How can we vectorize the data so it can be compared using the distance
function.
We have a streaming expression that can retrieve a random sample from each of the cities. The name of this
expression is random
. So we could take a random sample of 1000 room rates from each of the five cities.
But random vectors of room rates are not comparable because the distance algorithm compares values at each index in the vector. How can make these vectors comparable?
We can make them comparable by sorting them. Then as the distance algorithm moves along the vectors it will be comparing room rates from lowest to highest in both cities.
The Code
let(cityA=sort(random(bookings, q="city:cityA", rows="1000", fl="rate_d"), by="rate_d asc"),
cityB=sort(random(bookings, q="city:cityB", rows="1000", fl="rate_d"), by="rate_d asc"),
cityC=sort(random(bookings, q="city:cityC", rows="1000", fl="rate_d"), by="rate_d asc"),
cityD=sort(random(bookings, q="city:cityD", rows="1000", fl="rate_d"), by="rate_d asc"),
cityE=sort(random(bookings, q="city:cityE", rows="1000", fl="rate_d"), by="rate_d asc"),
ratesA=col(cityA, rate_d),
ratesB=col(cityB, rate_d),
ratesC=col(cityC, rate_d),
ratesD=col(cityD, rate_d),
ratesE=col(cityE, rate_d),
top(n=1,
sort="distance asc",
list(tuple(city=B, distance=distance(ratesA, ratesB)),
tuple(city=C, distance=distance(ratesA, ratesC)),
tuple(city=D, distance=distance(ratesA, ratesD)),
tuple(city=E, distance=distance(ratesA, ratesE)))))
The Code Explained
The let
expression sets variables first.
The first 5 variables (cityA, cityB, cityC, cityD, cityE), contain the random samples from the bookings
collection.
The random
function is pulling 1000 random samples from each city and including the rate_d
field in the
tuples that are returned.
The random
function is wrapped by a sort
function which is sorting the tuples in
ascending order based on the rate_d
field.
The next five variables (ratesA, ratesB, ratesC, ratesD, ratesE) contain the arrays of room rates for each
city.

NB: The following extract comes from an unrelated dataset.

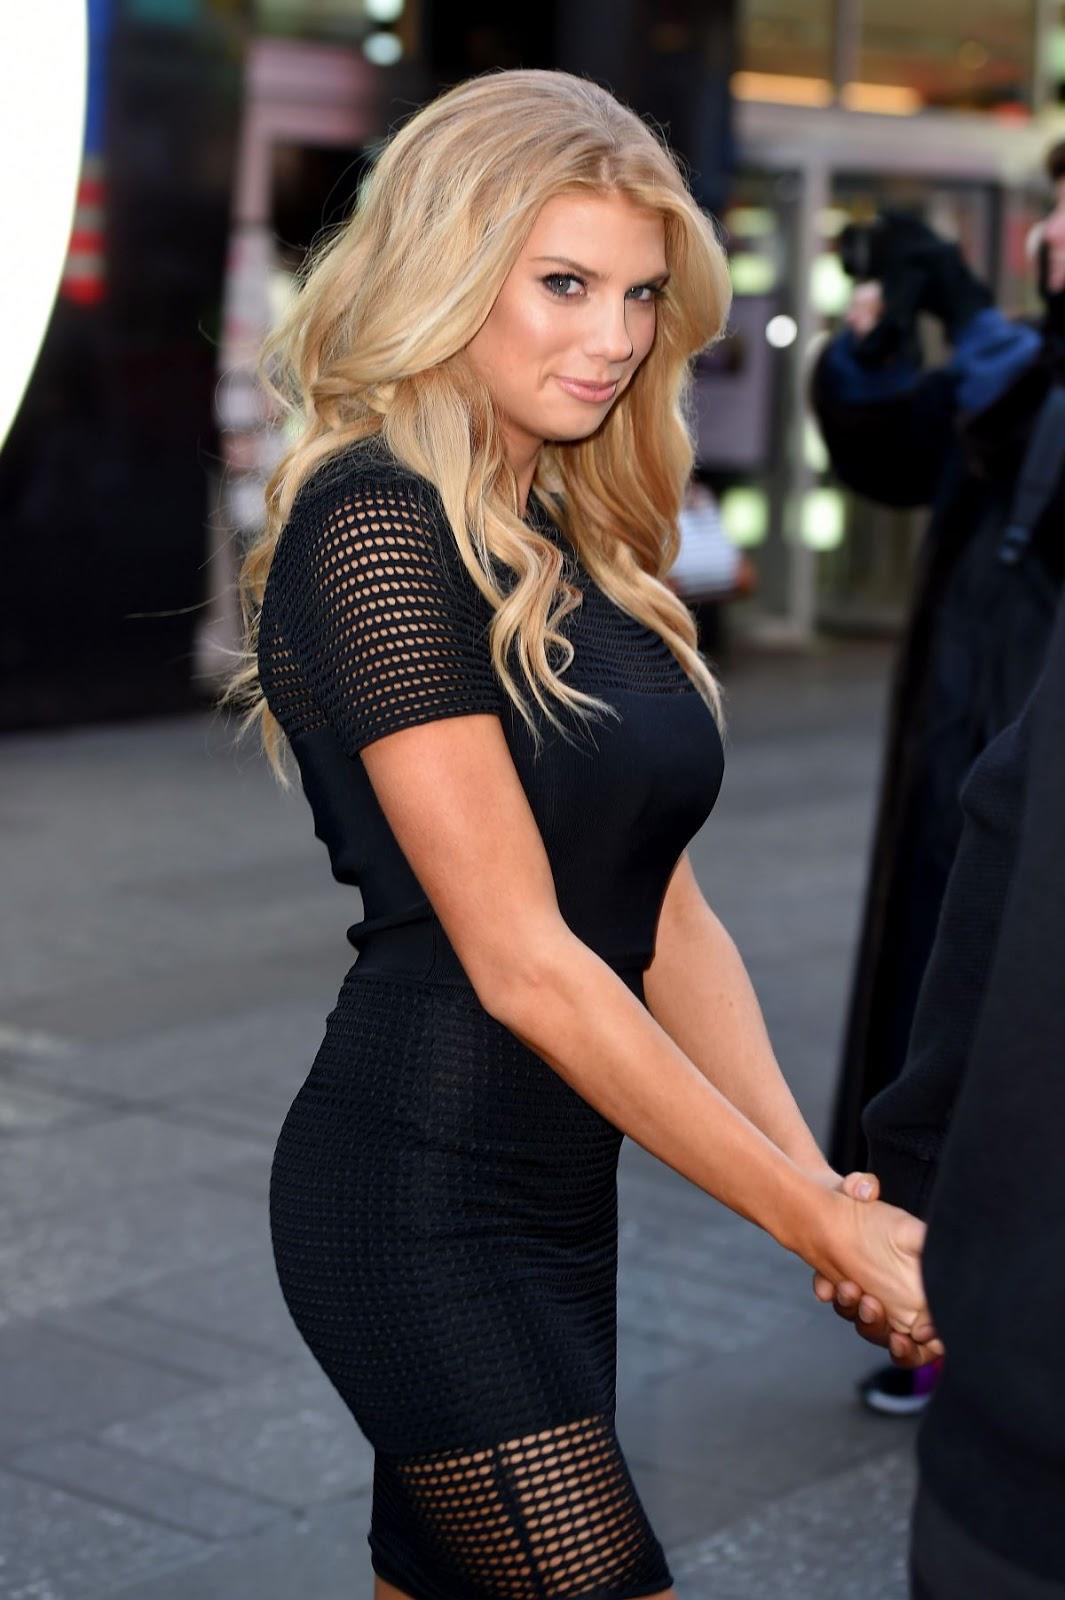 Full HQ Photos of Charlotte Mckinney in Black dress at Good Morning America

The col
function is used to move the rate_d
field from the random sample tuples
into an array for each city.
Now we have five sorted vectors of room rates that we can compare with our distance
function.
After the variables are set the let
expression runs the top
expression.
The top
expression is wrapping a list
of tuples
. Inside each tuple the distance
function is used to compare
the rateA vector with one of the other cities. The output of the distance function is stored in the distance field
in the tuple.
The list
function emits each tuple
and the top
function returns only the tuple with the lowest distance.